I have no idea who is talking inside the current administration regarding technical matters, but whoever they are they are pretty damn dumb. The global warming charade is probably the best known march of the ignorant, but it is not the only example of people trying to make decisions about things they have no business making.

Now it seems someone in the White House thinks we can just buy a manned spacecraft off the lot:

NASA’s grand plan to return to the moon, built on President George W. Bush’s vision of an ambitious new chapter in space exploration, is about to vanish with hardly a whimper.

Obama’s budget, according to a background briefing by an administration official on Sunday, will call for spending $6 billion over five years to develop a commercial spacecraft that could taxi astronauts into low Earth orbit. Going commercial with a human crew would represent a dramatic change in the way NASA does business. Instead of NASA owning the spacecraft and overseeing every nut and bolt of its design and construction, a private company would design and build the spacecraft with NASA looking over its shoulder.

Or we can design special fairy dust and fly like Tinker Bell.

What is even more stunning is that this is not even a cost savings to the public (nor shovel ready). The Orion Crew Exploration Vehicle (which is now under contract and being built) was originally budgeted for $3.9 billion. I seriously doubt it will stay there, but it has been through requirements definition and preliminary design. Why start over and throw tens of thousands of people out of work  in the process?

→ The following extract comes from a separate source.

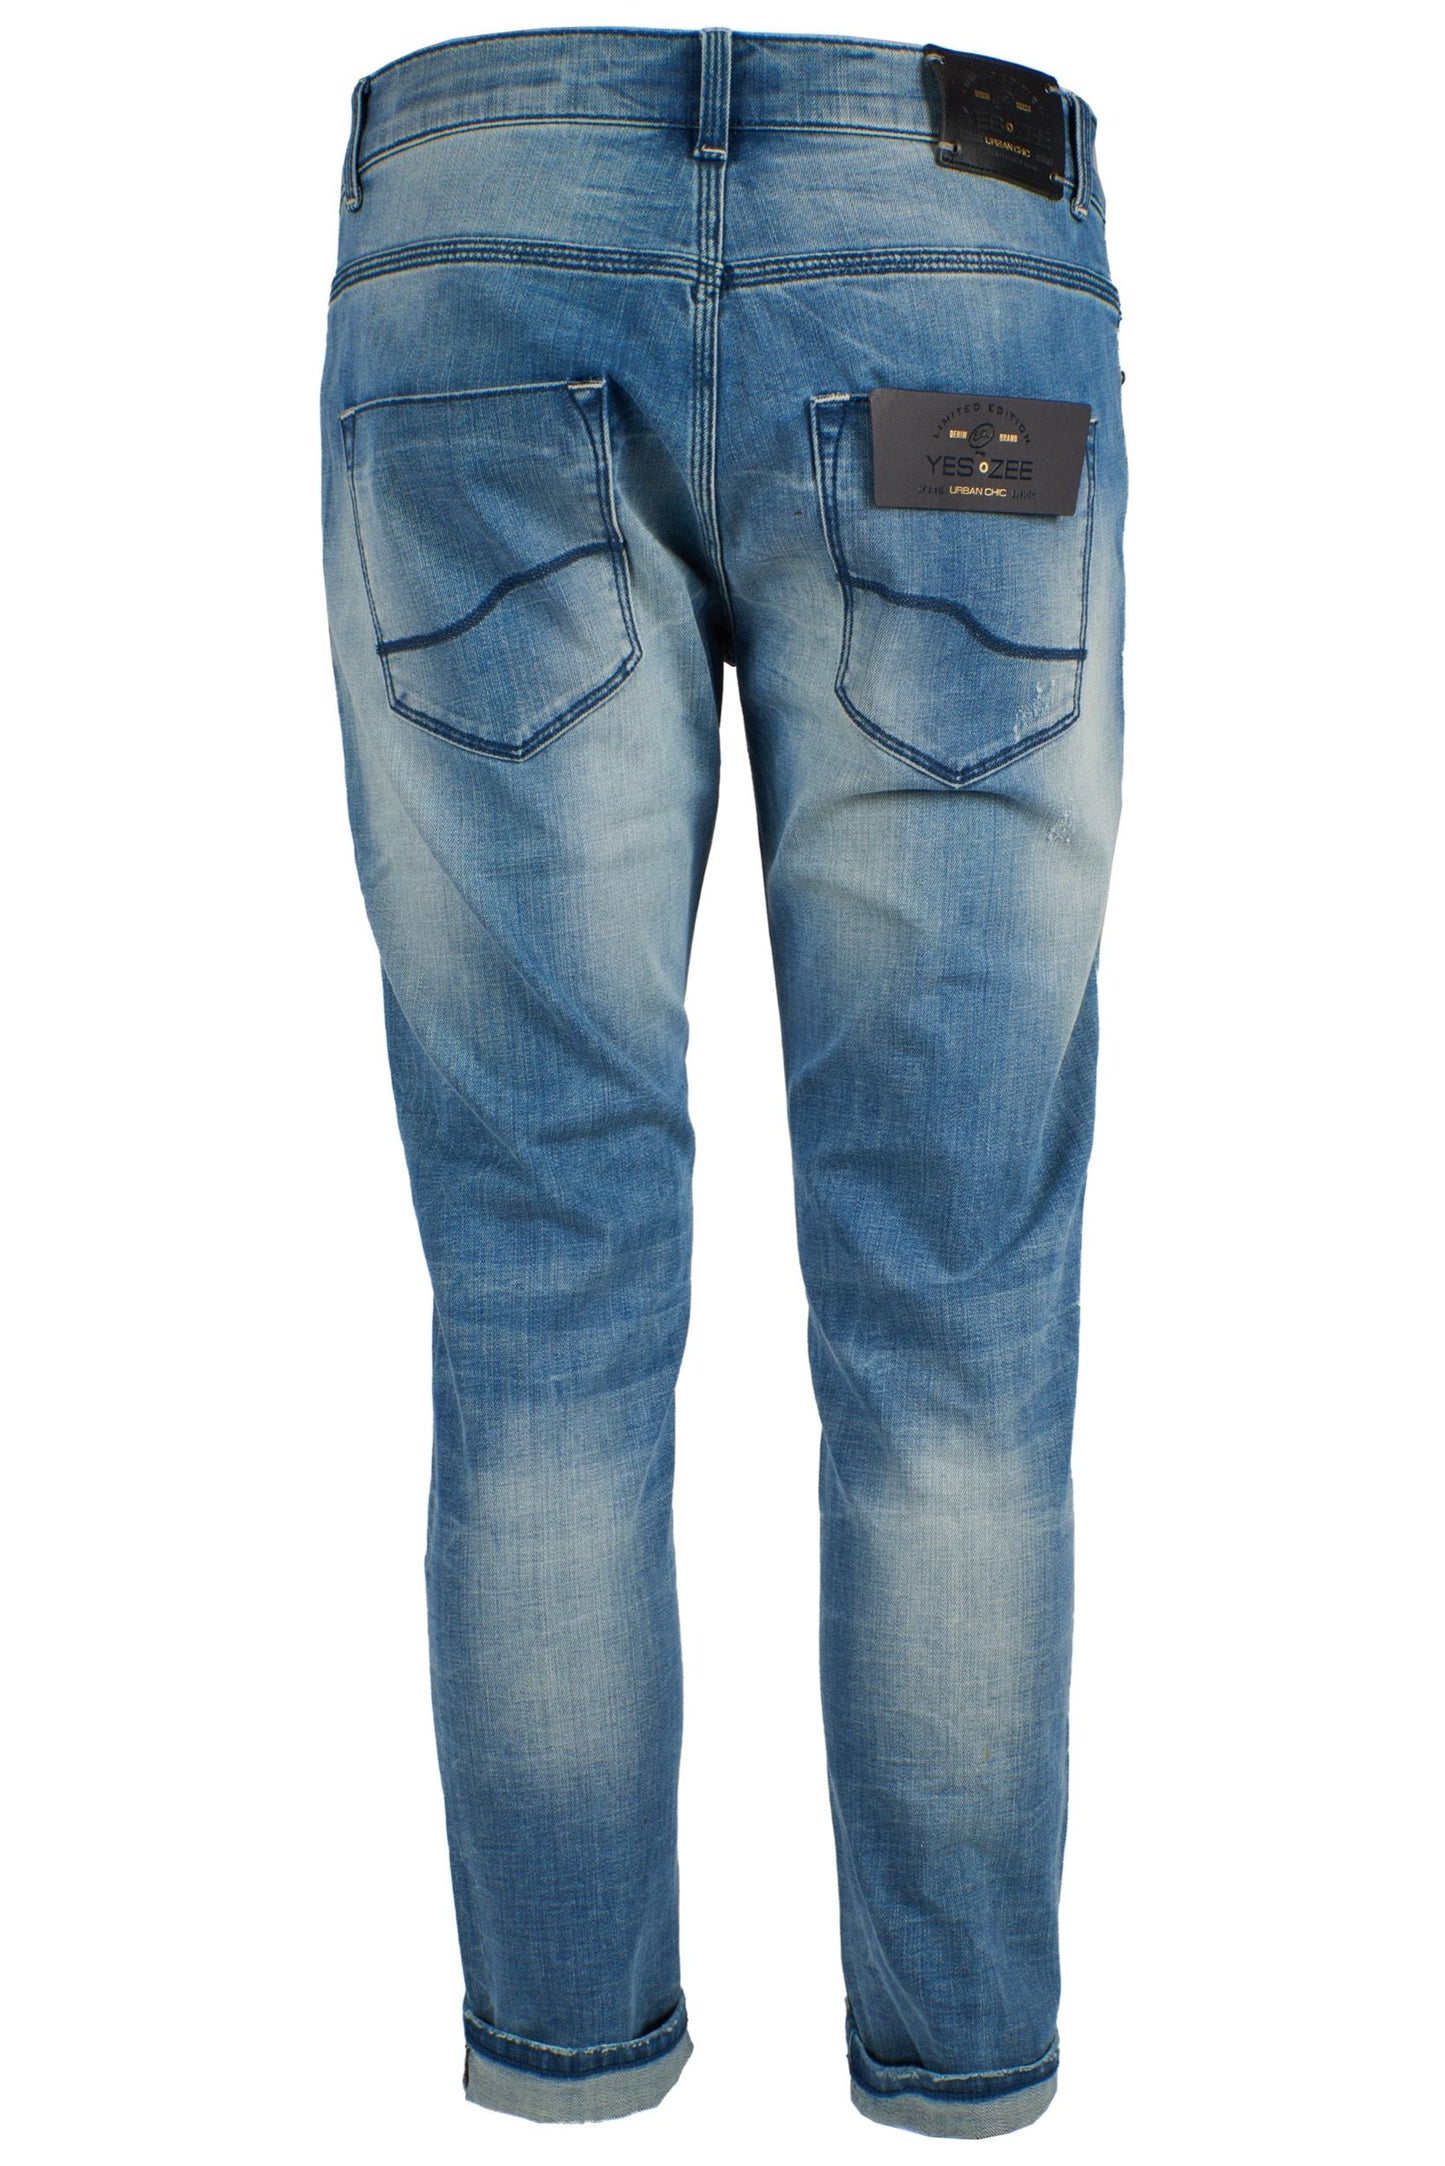 Sleek Light Wash Five-Pocket Jeans for Men

And I am only talking the jobs associated with Orion and Ares (the launch vehicle). There are more jobs to be lost this year when the Space Shuttles are retired:

The administration estimates the new funding for the commercial program would create up to 1,700 jobs, which could help offset the expected loss of 7,000 jobs in Florida when the space shuttle is retired next year.

Typical Obamanomics math, they don’t even get the lost jobs numbers right. The ‘reasoning’ for this change used in the article is mind boggling naive:

“The Defense Department began using commercial rockets a long time ago to launch priceless national security satellites, that our troops’ lives depend on. If the Pentagon can trust private industry with this responsibility, we think NASA can, too,” Gedmark said.

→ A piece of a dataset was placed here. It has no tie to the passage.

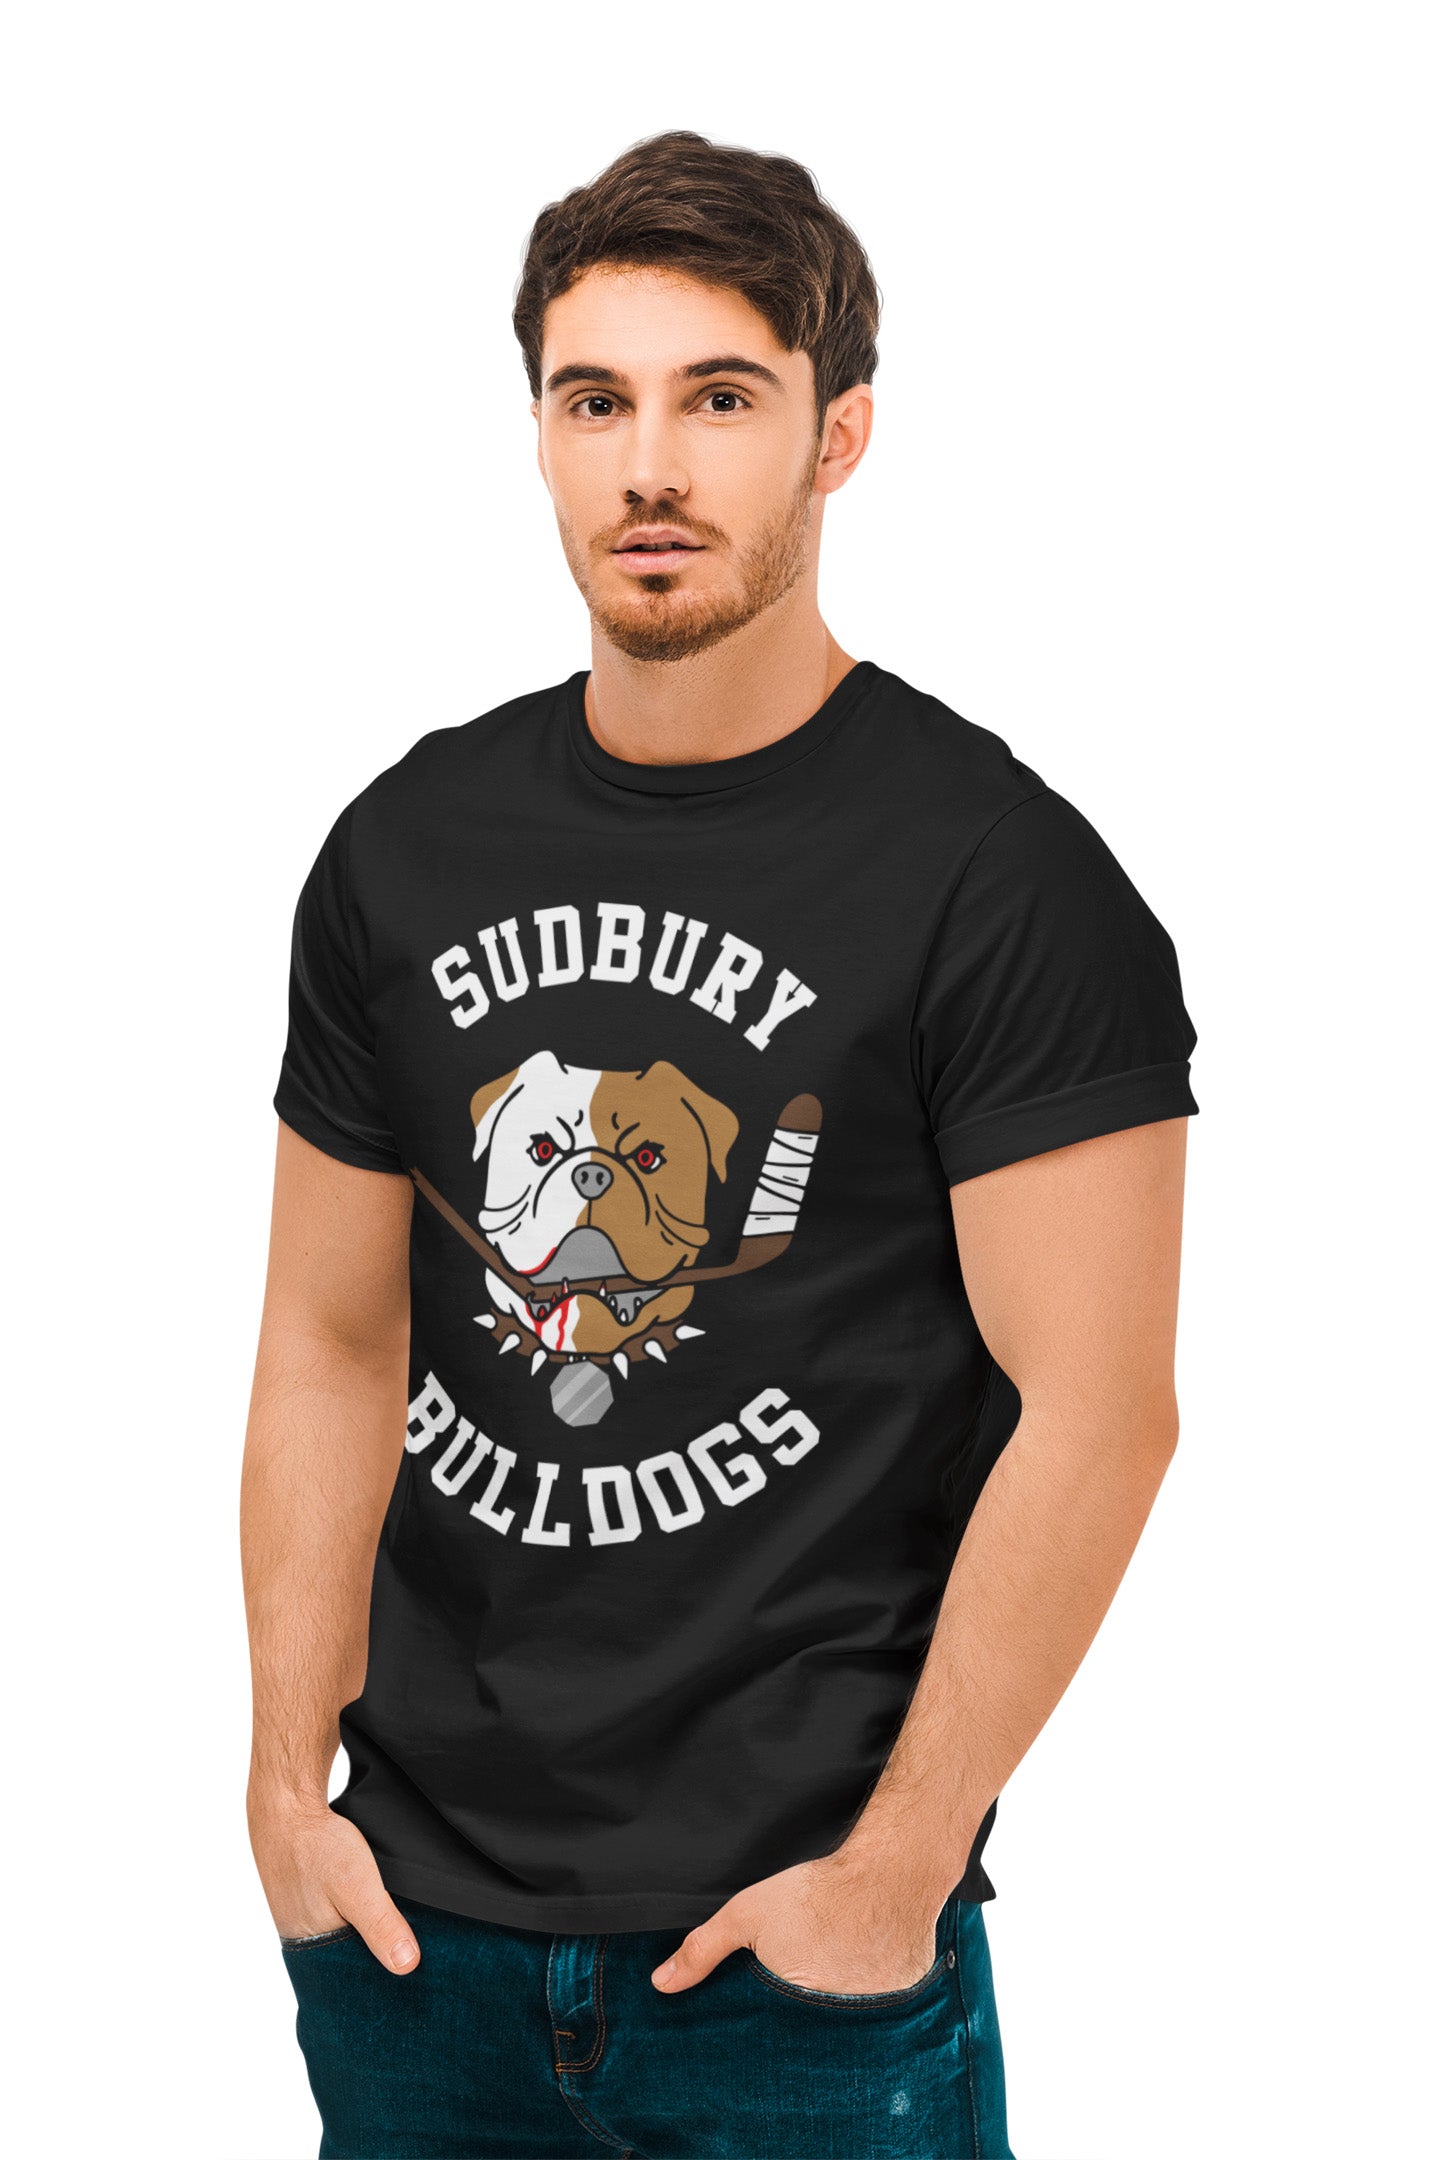 Sudbury Bulldogs - Hoodie - Absurd Ink

Rockets are not crew vehicles (no air, food, waste disposal, pressure, etc). The US Air Force DOES NOT trust private industry to its ‘manned vehicles’. Neither does the Navy  for its ships or the Army for its tanks and guns. They specify every nut and bolt. I am just wondering who is so gullible (outside the news media) to buy these 3rd grade excuses to do dumb things?

Is there some special reason (or corporate buddy) driving the White House to throw away all the work (and money) to date, and go with a solution 33% more expensive? This smells of funneling money at great taxpayer expense to me.

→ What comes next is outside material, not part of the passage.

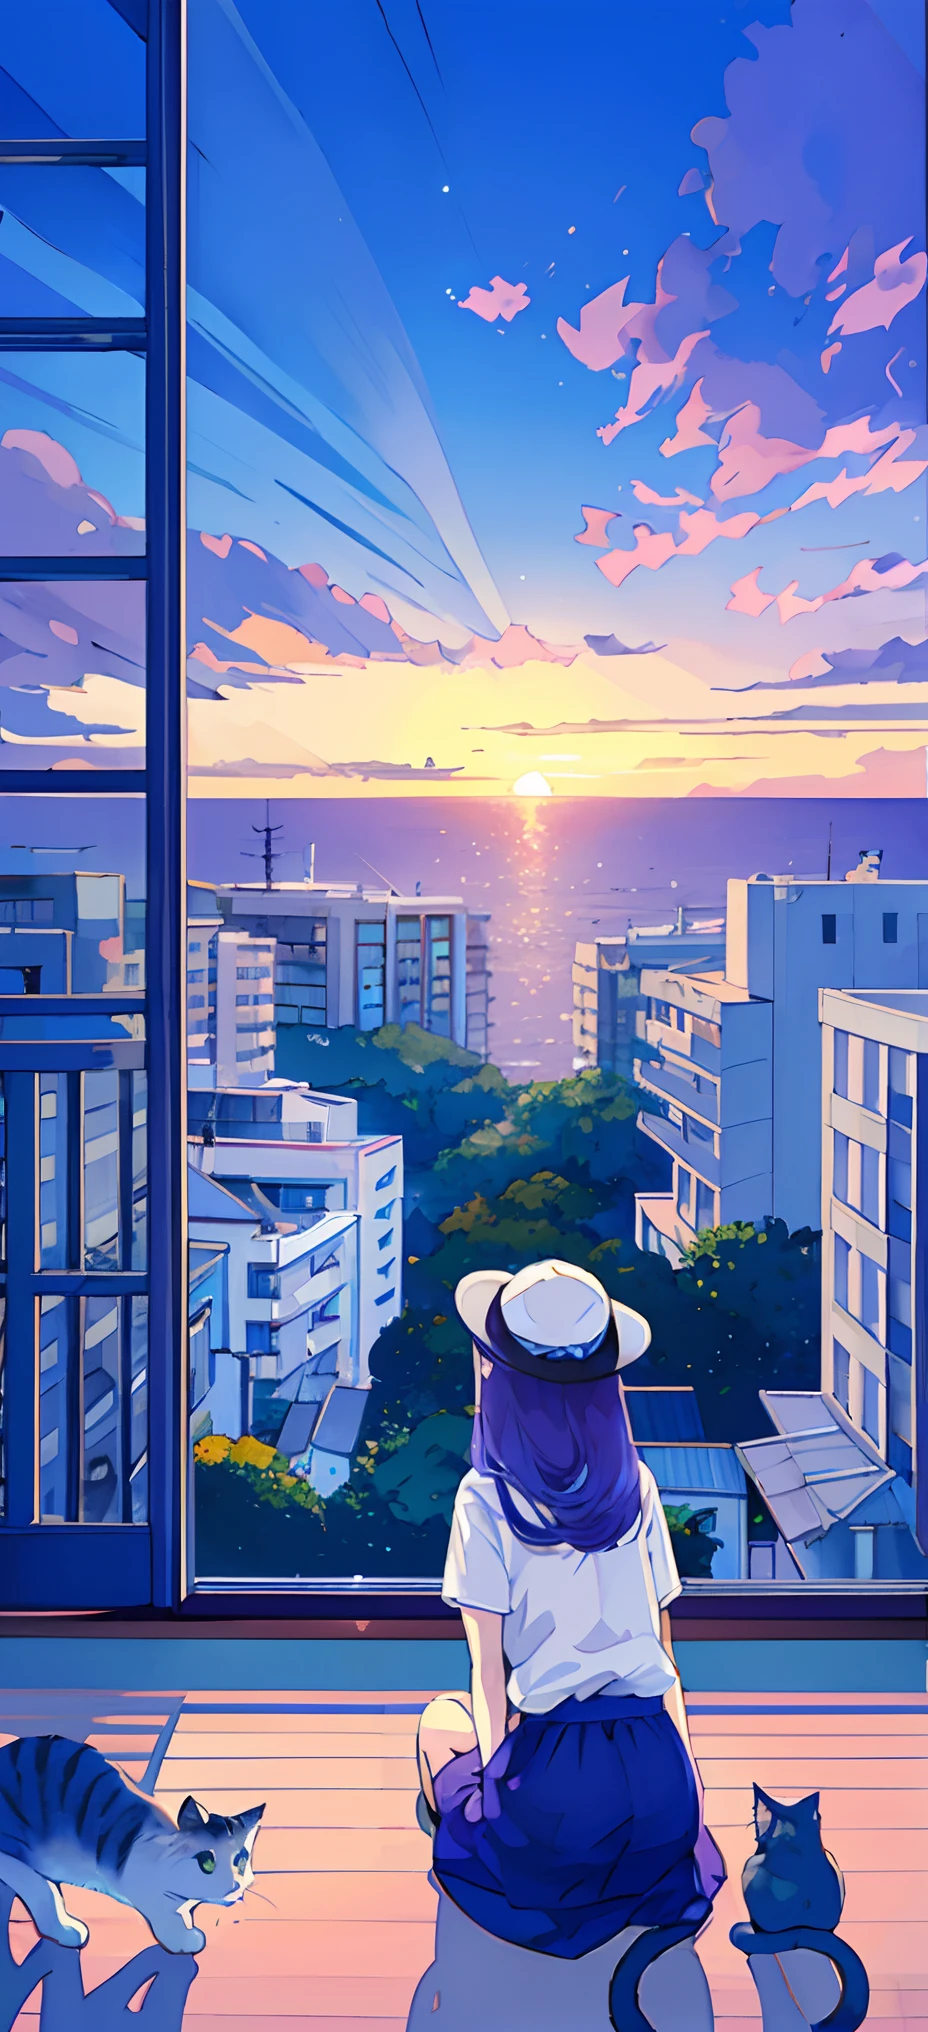 蓝色 T 恤、戴着白帽子、((猫))、海边的城市、可爱的小、回顾、8K、文件大小大、当你观察你的观众时、 俯瞰城市景观、午夜,细节、长发,柔和的颜色、紫色头发

Or is this just more childish Bush Derangement Syndrome at work? That seems likely.

I should have known better. Anyone who thinks they can re-architect the dynamic, innovative and enormous health care system of this nation is clearly delusional and suffering from a demigod complex. Since they are pretending to be doctors and nurses, I guess pretending to be astronauts, engineers and entrepreneurs is not a surprise (since none of them have a clue what those careers are all about either).

All I know was I was hoping mankind would return to the stars in my lifetime, as we did with the Apollo mission and John F Kennedy’s dream of visiting the Moon (I was 9 when humans first stepped on the Moon, I was 12 when the missions stopped). Obama the job killer is also Obama the dream killer. Heaven help us these next 3 years.

45 responses so far

45 Responses to “Our Dream Is Dead”

  1. WWS says:

    Jimg, that’s a bizarre series of non-sequiters. It’s always amusing to watch someone rail about a lack of free speech while availing himself of same.

    I can read your previous comments; I guess this is where you say “ooops, never mind!”

    I think most people think the development of private space flight capability will happen and that in the long run it’s a very good thing; it’s just that I think that given the rate of development, it’s going to be a good 30 or 40 years before any kind of reliable private capability is established, which means that the Russians, the Chinese, and the Indians (and who knows, by then maybe the Brazilians) will have established a presence in space that dwarfs ours.

    And for the nation that has led the way into space for so long, that is a very sad turn of events.

  2. jimgagnon says:

    I apologize to others about my echo chamber comment. You can imagine my frustration at posting early in the day and watching all the other comments post, with mine ignored. It might be co-incidence, but my entries didn’t get shown until I complained to the referring blog lunarnetworks.com.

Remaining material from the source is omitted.